We started as a private practice.  We have continued to function as a high-end private practice, offering many services that are above and beyond the way things are done in the usual managed care insurance environment.

We are the only office in the entire area that is open 7:30AM to 7:30PM, five days per week, and on Saturday mornings.  We must employ 40 administrative personnel to maintain double shifts (7-3, and 12-8).  A single 9-5 shift would eliminate about 15 employees, saving us about $500,000.  A medical problem starting at 4PM would have to be dealt with in the ER.  As in other practices, the before work and after work appointments would not exist. It has been suggested by the insurance companies that we establish our hours as 9-5, and charge significant out of pocket surcharges for visits before and after hours.  We do not want to do this.

In the last 3 years, we have invested over $700,000 in information technology.  We have developed our own software that will allow patients to access their healthcare information online.  Through patient data-entry, our software will enable the most detail-packed health record ever devised. We have continued to develop our website, which has been widely recognized and written about for its many innovations.  We have produced and added a nutritional supplement website.  We widely use email communications with our patients.  We have state-of-the-art call center phone technology that enables us to monitor patient onhold time, and to monitor secretarial efficiency and etiquette.  We have fulltime IT personnel on staff.  Needless to say these services are not managed care industry standard.  By cutting our advanced IT services, we could save over another $260,000 annually.  This is not the direction we would like to take.   Should we charge surcharges for uncovered IT usages?  This is not what we want to do.

Is there any way we can continue to operate a patient services oriented office, with all the scheduling, IT, and other amenities, practice high-quality medicine, give raises to our staff, and attract high quality caring office personnel?

After many long hours of discussions with our managed care insurers, it has been established that instead of cutting services, nickel-and-diming our patients, or dropping out of managed care, we can legally follow AMA and industry guidelines and establish a modest annual administrative fee that covers the cost of these additional 'uncovered services'.  This fee would go toward staff costs, long-overdue staff raises, and increasingly advanced patient benefiting IT services. 
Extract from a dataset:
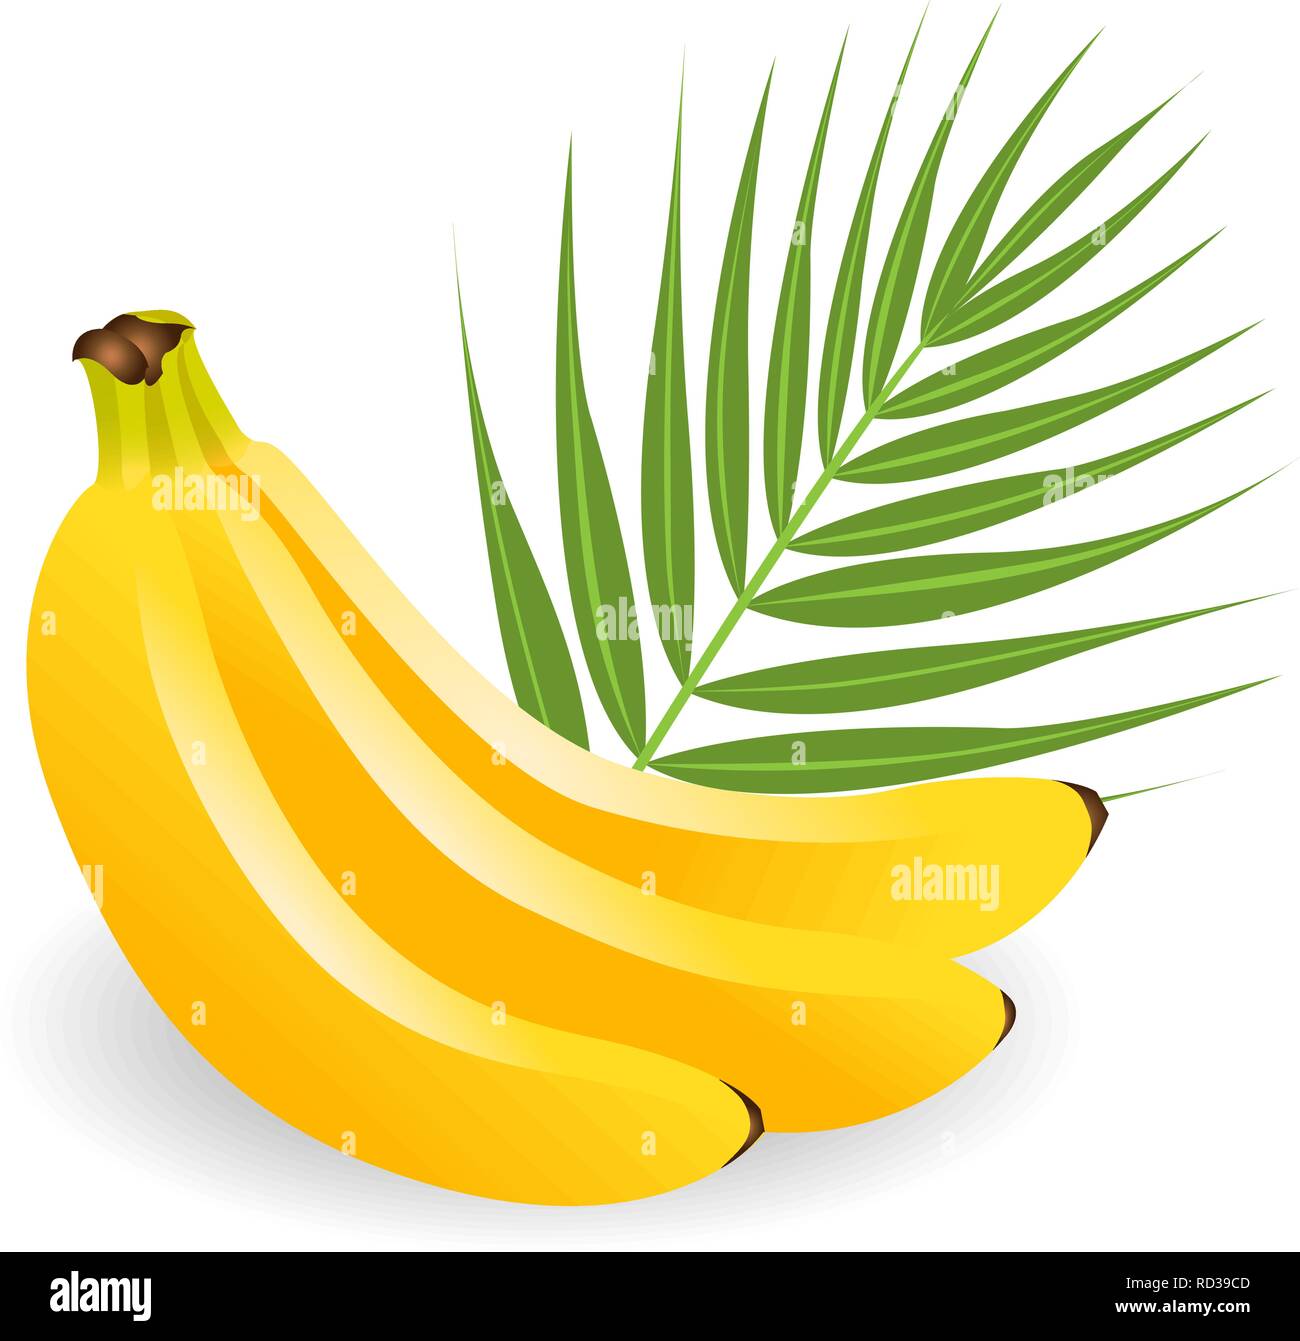 Gesunde, Gelb tropische Früchte. Reifen, saftigen Bananen mit grünen  Blättern. Sommer Früchte für gesunden Lebensstil. Bananen Obst flachbild  Symbol isoliert auf weißem Stock-Vektorgrafik - Alamy

We have discussed this administration fee proposal with 230 of our patients and have had 230 consecutive positive responses.  We want to be very, very fair in charging this fee.  We will waive the administrative fee in all cases of financial hardship.  We will keep the fee reasonable.  We hope to decrease or eliminate the fee as circumstance change.  We will refund the fee if our 'uncovered services' are found disappointing.  We will expect ongoing feedback, both good and bad.  (We will offer, though discourage, a fee-for-service approach for uncovered and extra services.)
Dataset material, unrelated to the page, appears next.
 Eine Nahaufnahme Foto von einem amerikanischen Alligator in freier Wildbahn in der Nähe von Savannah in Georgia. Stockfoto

If this administration fee works as well as we and the managed care companies hope it will, Yafferuden will be able to remain in managed care insurance plans, offering uncovered services, including extended hours, and many internet based services.

Our goal is to stay in managed care insurance plans, with satisfied patients and staff.  Details of the plan, including costs, will follow.

For the first time, we feel as if we are working with the managed care companies, rather than against them.